Reynolds (pictured above, second from the right in a scene from the Pasadena production) said she was 15 when she showed up for an audition and director Barbara Vajda took her under her wing, casting her as a girl who frequents the pub Coward used as a microcosm of England under Nazi rule.

A visit to Times archives turned up a review, dated July 15, 1950, and headlined “Coward Play Impresses.” The playhouse mounted “Peace in Our Time” on its main stage as part of its 16th annual Midsummer Drama Festival, and critic Katherine Von Blon threw bouquets: “… a story filled with heartbreak, over which the indomitable courage of dust-doomed humanity rises exultantly through the sheer passion of spirit. ... Vajda’s sympathetic grasp … and her professional direction of the cast of 40 resulted in a genuine tour de force.”
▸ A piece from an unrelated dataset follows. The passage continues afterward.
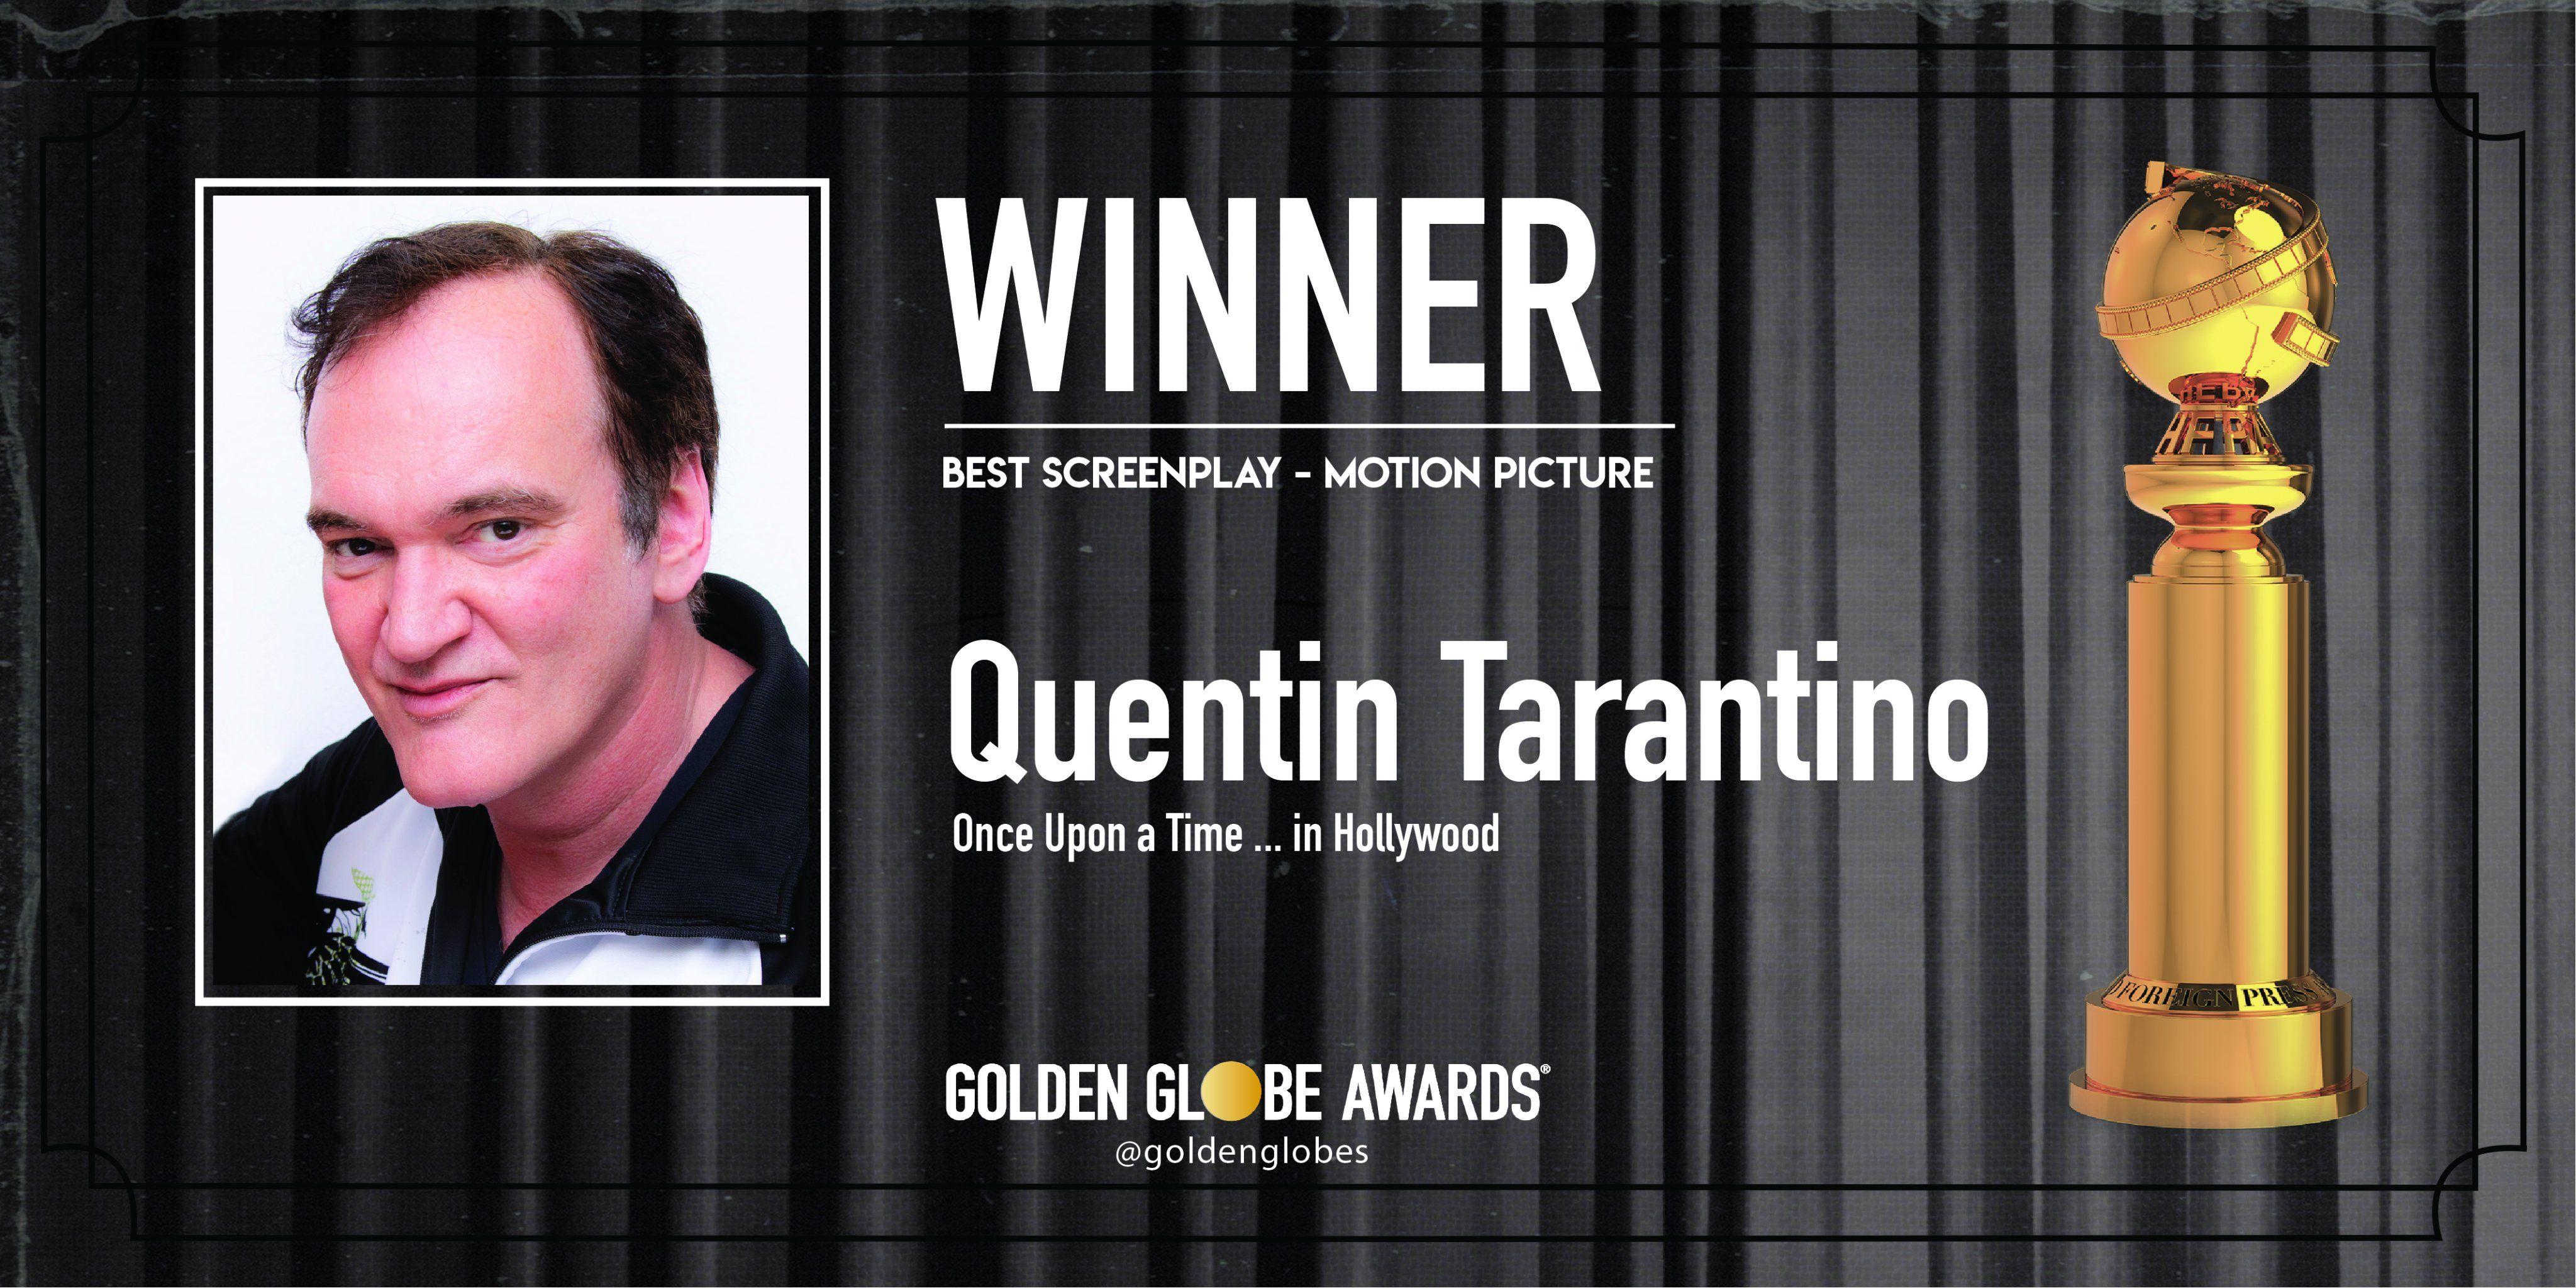 Quentin Tarantino Migliore Sceneggiatura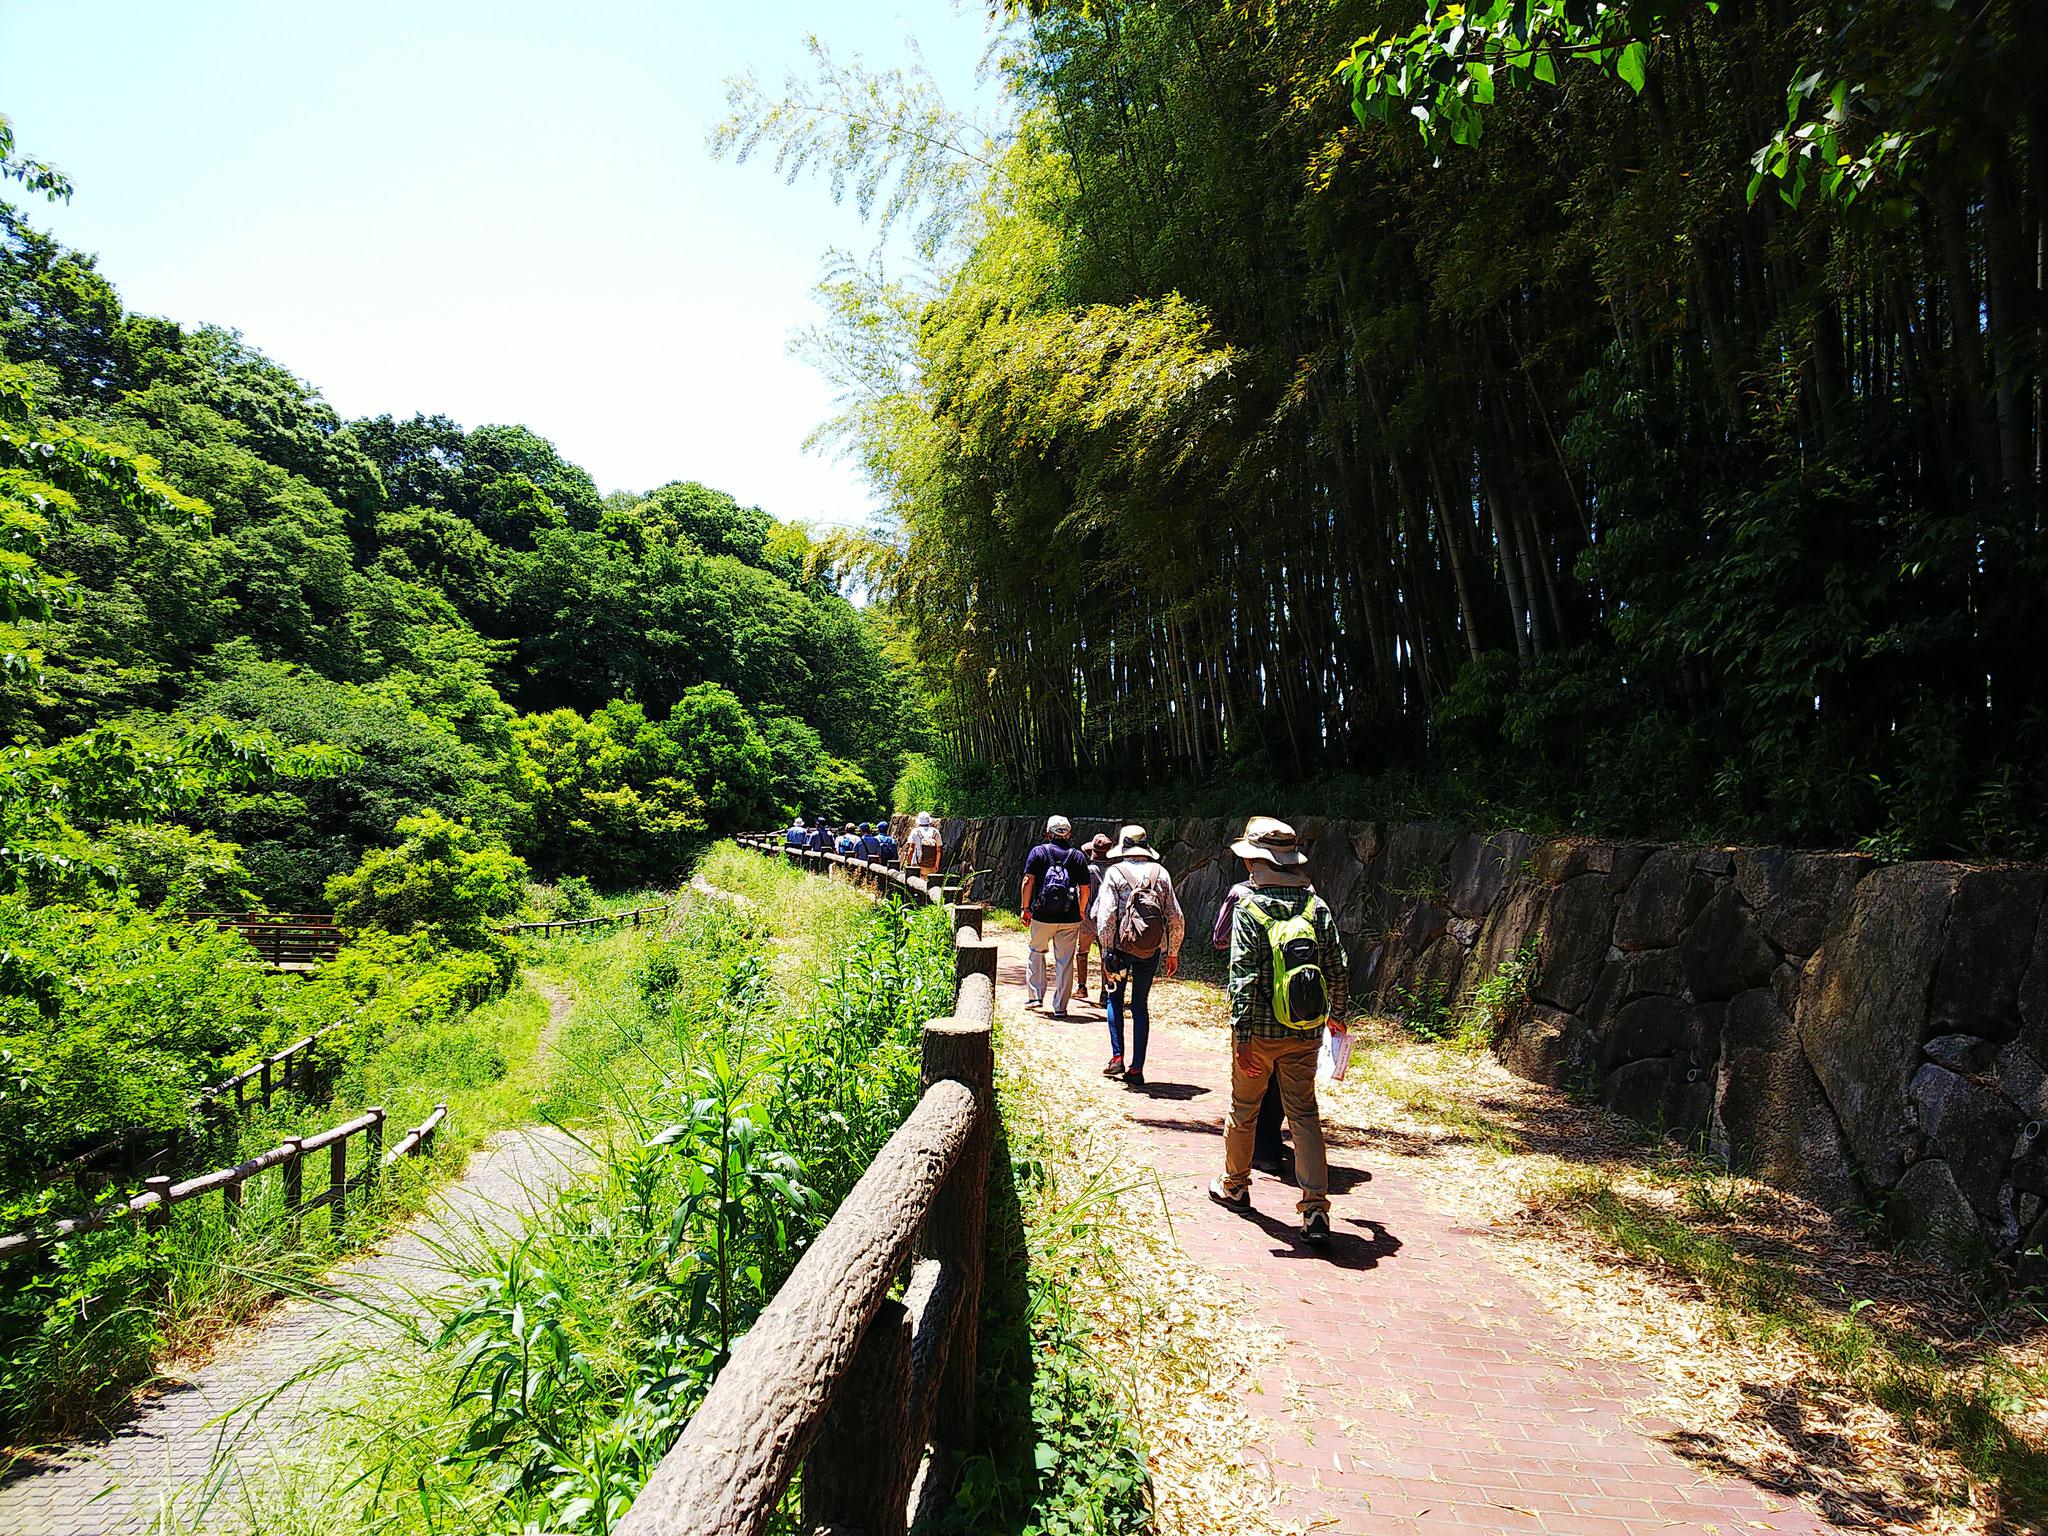 左に宇田川 右手に竹林

1950 was a big year for Coward in Pasadena: The Times in November noted that Vajda’s playhouse staging of one of his more representative comedies, “Present Laughter,” was that play’s “western premiere.”

Reynolds couldn’t remember her character’s name -- but she said that one of her scenes in “Peace in Our Time” involved throwing money at a bartender for refusing to serve her a drink; in the scene pictured, she’d been picked up by the German soldier at the far right.

Reynolds stuck with acting, studying at Pasadena City College and the Pasadena Playhouse School of Theatre Arts. She says she had a singing role in “Untamed Youth,” a 1957 film starring Mamie Van Doren, and played a recurring character in “Capitol,” a 1980s CBS soap opera set amid the political intrigue of Washington, D.C.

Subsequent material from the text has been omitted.